On 16 August 2016 at 16:56, Steve Dower <steve.dower@python.org> wrote:
I just want to clearly address two points, since I feel like multiple posts have been unclear on them.
1. The bytes API was deprecated in 3.3 and it is listed in https://docs.python.org/3/whatsnew/3.3.html. Lack of mention in the docs is an unfortunate oversight, but it was certainly announced and the warning has been there for three released versions. We can freely change or remove the support now, IMHO.
For clarity, the statement was: """ issue 13374: The Windows bytes API has been deprecated in the os module. Use Unicode filenames, instead of bytes filenames, to not depend on the ANSI code page anymore and to support any filename. """ First of all, note that I'm perfectly OK with deprecating bytes paths. However, this statement specifically does *not* say anything about use of bytes paths outside of the os module (builtin open and the io module being the obvious places). Secondly, it appears that unfortunately the main Python documentation wasn't updated to state this. So while "we can freely change or remove the support now" may be true, it's not that simple - the debate here is at least in part about builtin open, and there's nothing anywhere that I can see that states that bytes support in open has been deprecated. Maybe there should have been, and maybe everyone involved at the time assumed that it was, but that's water under the bridge.
2. Windows file system encoding is *always* UTF-16. There's no "assuming mbcs" or "assuming ACP" or "assuming UTF-8" or "asking the OS what encoding it is". We know exactly what the encoding is on every supported version of Windows. UTF-16.
This discussion is for the developers who insist on using bytes for paths within Python, and the question is, "how do we best represent UTF-16 encoded paths in bytes?"

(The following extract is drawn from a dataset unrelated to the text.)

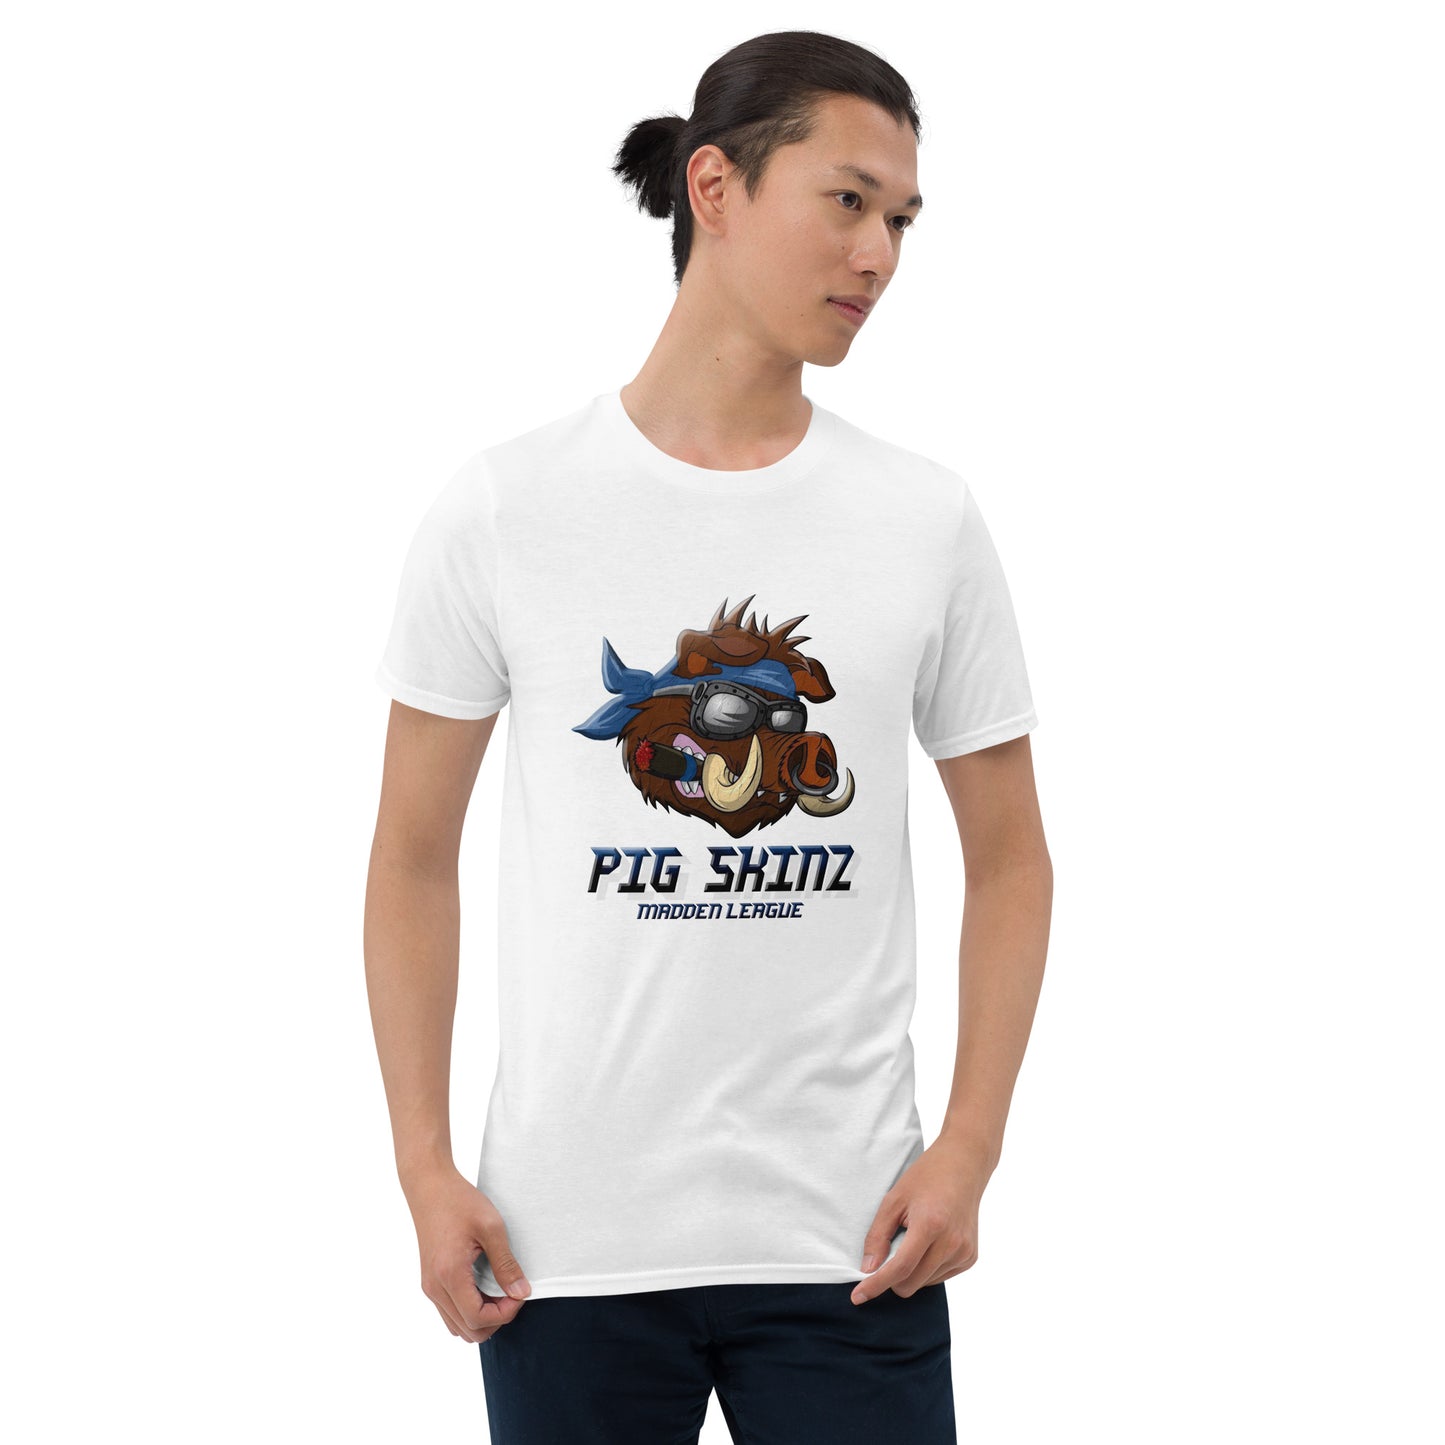 League 2 - Pig Skinz League T-Shirt

People passing bytes to open() have in my view, already chosen not to follow the standard advice of "decode incoming data at the boundaries of your application". They may have good reasons for that, but it's perfectly reasonable to expect them to take responsibility for manually tracking the encoding of the resulting bytes values flowing through their code. It is of course, also true that "works for me in my environment" is a viable strategy - but the maintenance cost of this strategy if things change (whether in Python, or in the environment) is on the application developers - they are hoping that cost is minimal, but that's a risk they choose to take.
The choices are:
* don't represent them at all (remove bytes API) * convert and drop characters not in the (legacy) active code page * convert and fail on characters not in the (legacy) active code page * convert and fail on invalid surrogate pairs * represent them as UTF-16-LE in bytes (with embedded '\0' everywhere)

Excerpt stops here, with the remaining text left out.